DATA FOR THIS TASK:
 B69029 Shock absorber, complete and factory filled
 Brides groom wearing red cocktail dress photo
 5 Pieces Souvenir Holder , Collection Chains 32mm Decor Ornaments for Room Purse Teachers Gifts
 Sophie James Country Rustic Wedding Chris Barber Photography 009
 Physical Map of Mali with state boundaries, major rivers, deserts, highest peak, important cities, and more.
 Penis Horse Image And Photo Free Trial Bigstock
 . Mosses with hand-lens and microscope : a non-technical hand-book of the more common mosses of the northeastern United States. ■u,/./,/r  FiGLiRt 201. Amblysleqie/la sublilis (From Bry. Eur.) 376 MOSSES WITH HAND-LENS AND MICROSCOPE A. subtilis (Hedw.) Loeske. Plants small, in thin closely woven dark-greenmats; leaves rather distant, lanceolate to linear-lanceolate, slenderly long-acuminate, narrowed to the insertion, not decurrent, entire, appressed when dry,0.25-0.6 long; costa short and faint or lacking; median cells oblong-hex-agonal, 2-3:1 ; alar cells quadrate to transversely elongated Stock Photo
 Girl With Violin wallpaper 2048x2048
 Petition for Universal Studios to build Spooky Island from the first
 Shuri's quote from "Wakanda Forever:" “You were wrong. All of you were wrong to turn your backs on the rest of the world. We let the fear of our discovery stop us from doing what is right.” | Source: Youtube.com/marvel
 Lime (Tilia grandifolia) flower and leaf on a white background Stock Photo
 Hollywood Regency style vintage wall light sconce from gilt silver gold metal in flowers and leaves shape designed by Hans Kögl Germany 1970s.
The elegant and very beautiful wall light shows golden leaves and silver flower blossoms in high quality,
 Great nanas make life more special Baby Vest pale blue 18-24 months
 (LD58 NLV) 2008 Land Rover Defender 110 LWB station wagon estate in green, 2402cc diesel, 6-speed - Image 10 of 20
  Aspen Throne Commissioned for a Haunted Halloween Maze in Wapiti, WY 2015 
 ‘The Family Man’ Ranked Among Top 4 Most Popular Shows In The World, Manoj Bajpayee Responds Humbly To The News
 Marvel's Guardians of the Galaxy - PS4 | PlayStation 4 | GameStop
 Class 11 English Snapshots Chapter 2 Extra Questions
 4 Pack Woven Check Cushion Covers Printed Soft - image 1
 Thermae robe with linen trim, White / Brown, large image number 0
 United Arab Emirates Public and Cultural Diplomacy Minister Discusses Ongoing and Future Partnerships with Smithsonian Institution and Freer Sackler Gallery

WORK ORDER: The requested lines run from the one with "Class 11 English" through the last line of the records. Return them exactly.

ANSWER TO THIS TASK:
 Class 11 English Snapshots Chapter 2 Extra Questions
 4 Pack Woven Check Cushion Covers Printed Soft - image 1
 Thermae robe with linen trim, White / Brown, large image number 0
 United Arab Emirates Public and Cultural Diplomacy Minister Discusses Ongoing and Future Partnerships with Smithsonian Institution and Freer Sackler Gallery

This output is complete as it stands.